本日の日経電子版 に「日本の管理職、年収「割安」 中国、タイを下回る」という記事が上がっている。


アクセスランキングが当日付で一位だ。
おそらく、日経電子版の主要な購読者層である大企業の部課長さん達が、「その通りだ」と快哉を叫んで見ているからだろう。

欧米はともかく中国やタイよりも幹部の給料が低いので、人材流出の懸念がある、という論調である。

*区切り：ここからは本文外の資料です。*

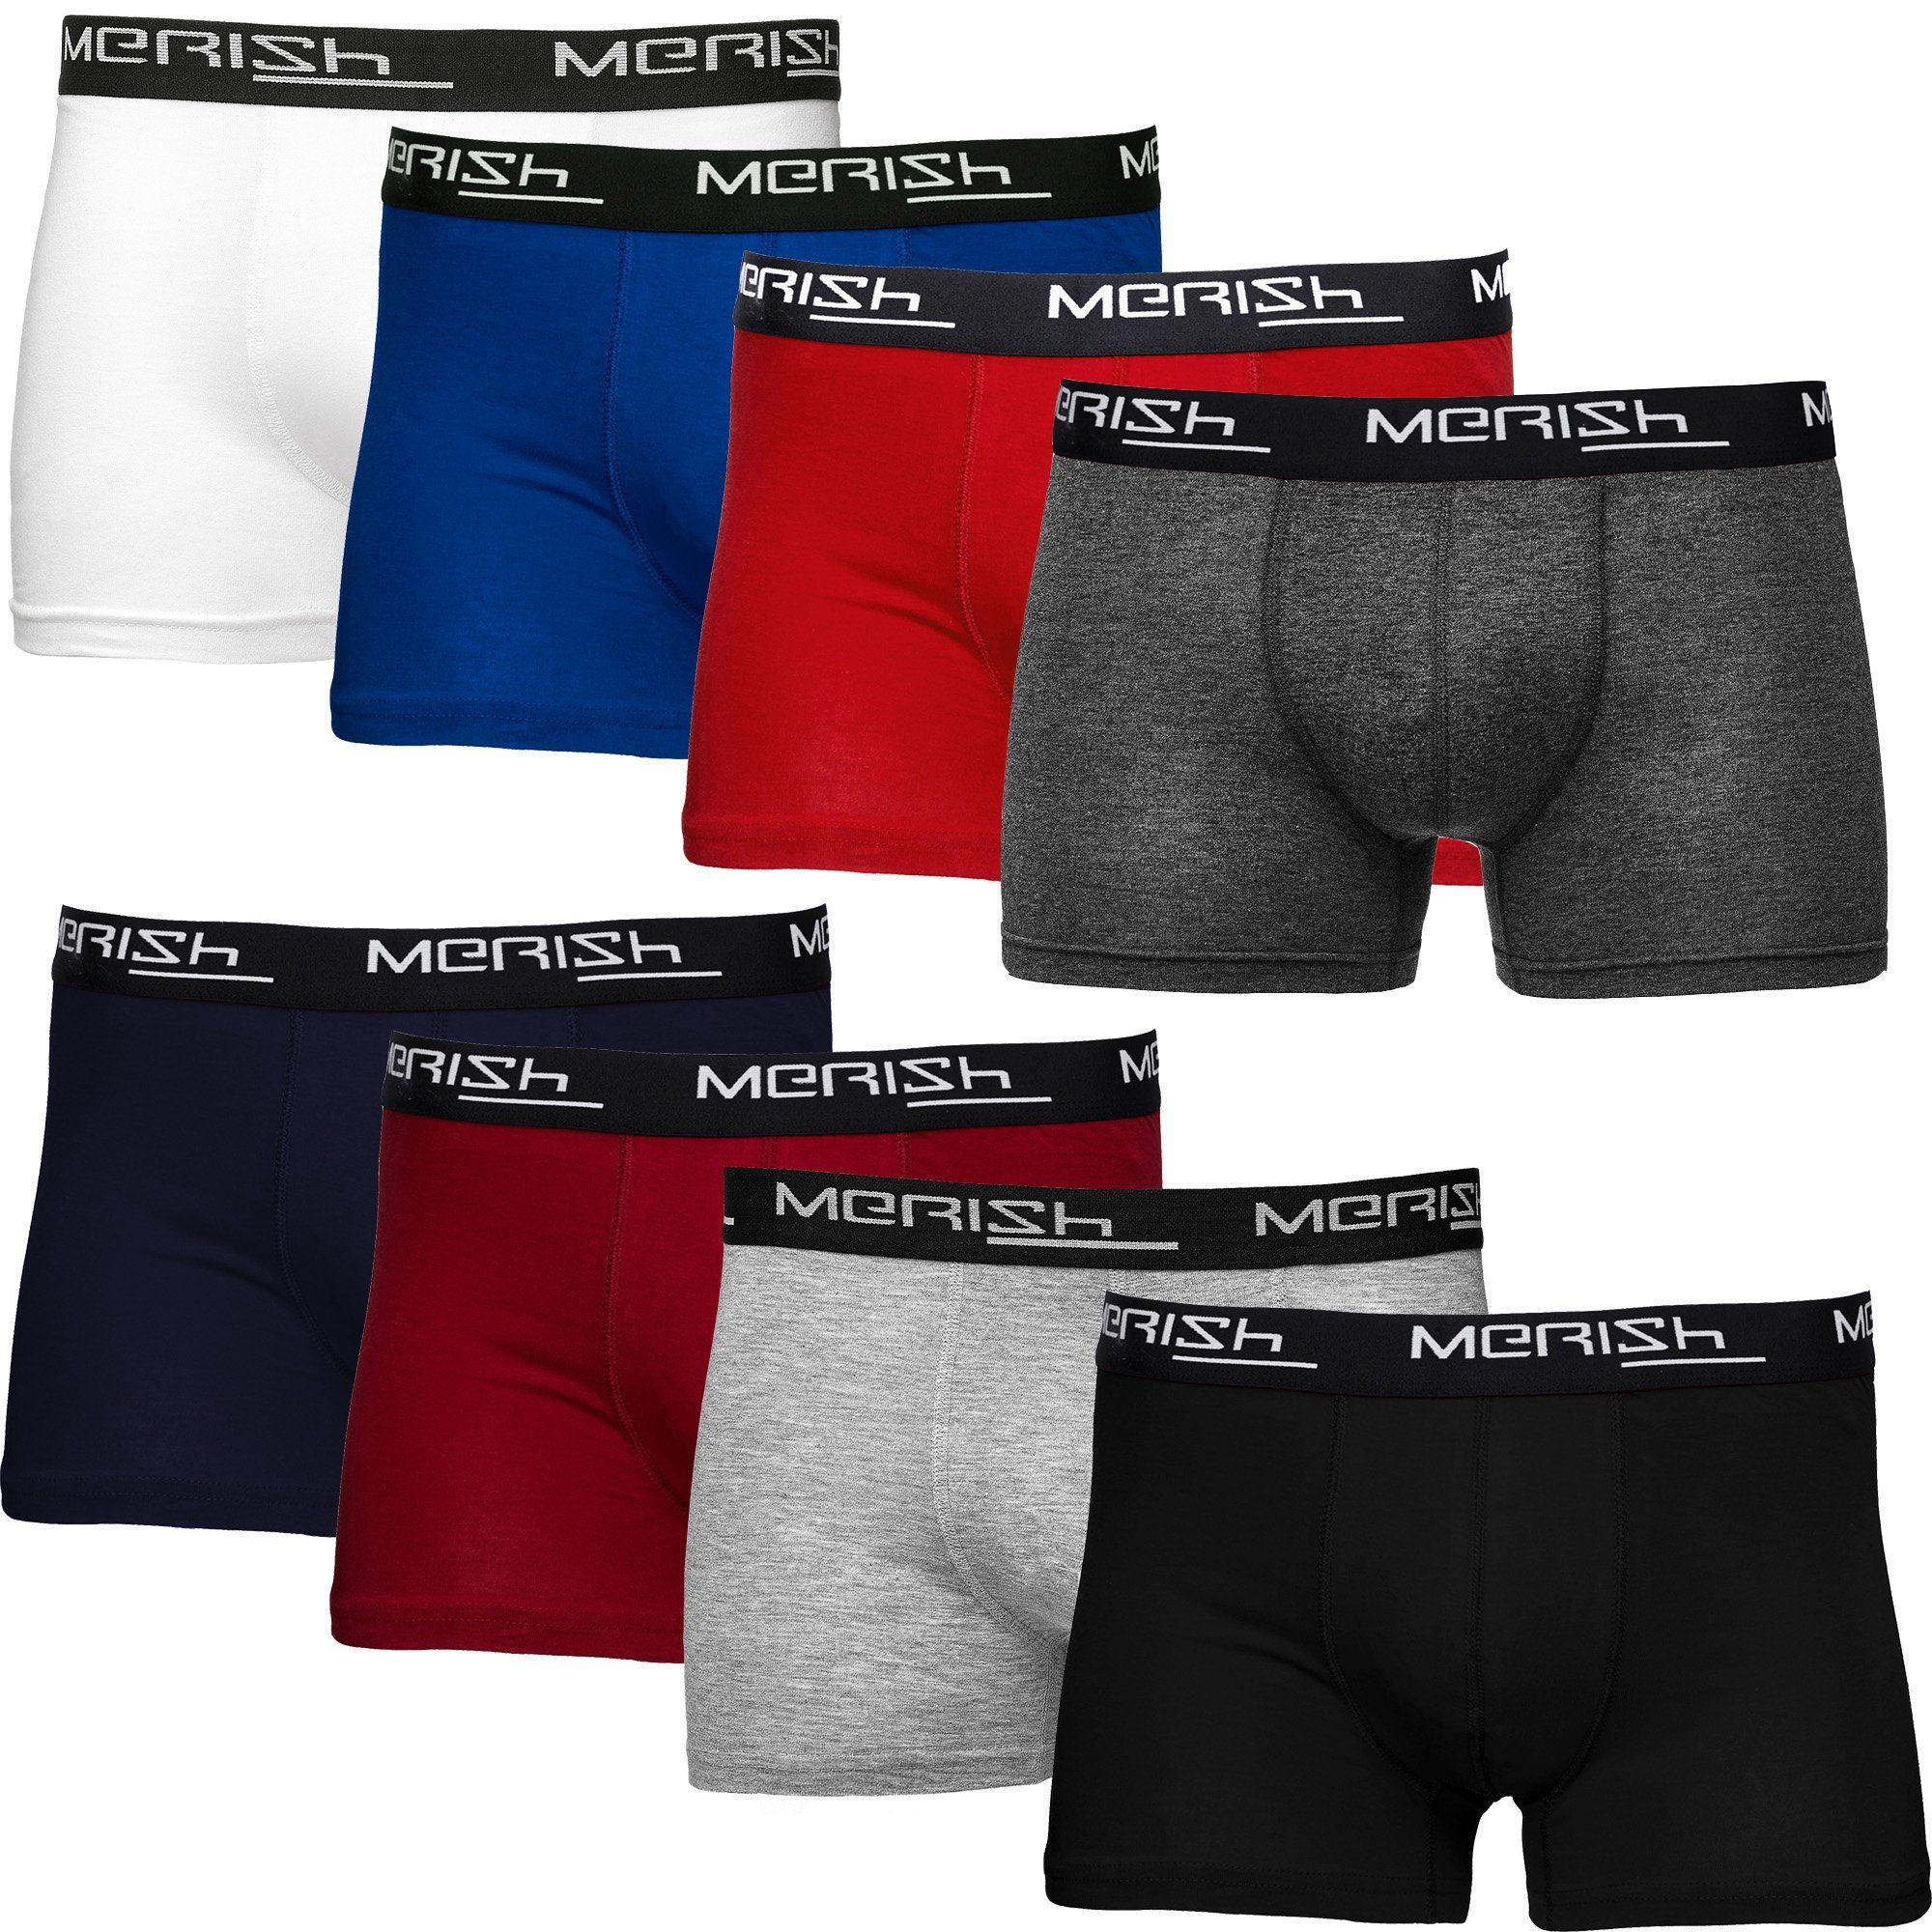 MERISH Boxershorts Herren Männer Unterhosen Baumwolle Premium Qualität perfekte Passform (Vorteilspack, 8er-Pack) S - 7XL 216d-mehrfarbig

こういう記事を読むと、日経の記者は、有名大学を出ていても統計の読み方を知らないのか、知っていて確信犯的に統計のトリックを使ってセンセーショナルな書き方をしているのか、どちらにしても戴けない。

統計で必ず見なければいけないのが、母集団の特性だ。
この点、この記事は検証が甘そうだ。

まず、全社員の中での管理職が占める割合がどうなのか?
おそらく、高齢化の進む日本では、タイよりも管理職の比率が大きいのではないか?
単純に管理職の割合が倍ならば、管理職に出せる給料は半分になる。
日本では実質的に社内失業状態の管理職も多いのではないか?
欧米はもちろん、アジアの企業でもそのような管理職はすぐにクビを切られるので、その分他の「優秀な」管理職が高給を取れることになる。

それから、日本の場合、管理職 の報酬に、退職金積立金が含まれているのかどうかがわからない(多分取るのが難しいので入っていないだろう。)
退職時に何千万の退職金が出るのは終身雇用の日本だけではないか。
部課長職だったら、数千万もらうだろうから、年間五十万は積み立てている勘定だ。

多分、こういった状況を冷静に把握している優秀な管理職は、会社で生き残りと出世を賭けて懸命に働くか、見切りをつけてとっくに他社に移ったり独立しているだろうから、どちらにしても人材流出が増える可能性はあまりないだろう。

メディアの人と接していて時々感じるのは、「真実を伝える」よりも、「まだ起こっていない事実を作り出して事実にする」(つまり、自分の力でトレンドや流行語を作り出す」)ことに喜びを感じているようだ。
意外と事実はつまらないもので、人に知られていない新しい事実を見つけ出すのは大変であろう。そうなると、記者として注目される記事を書くには、自分で新しい事実をつくってしまうのが手っ取り早い。この辺が、注目されてナンボのマスコミの世界の理想と現実の矛盾とマスコミによる正義の限界だろう。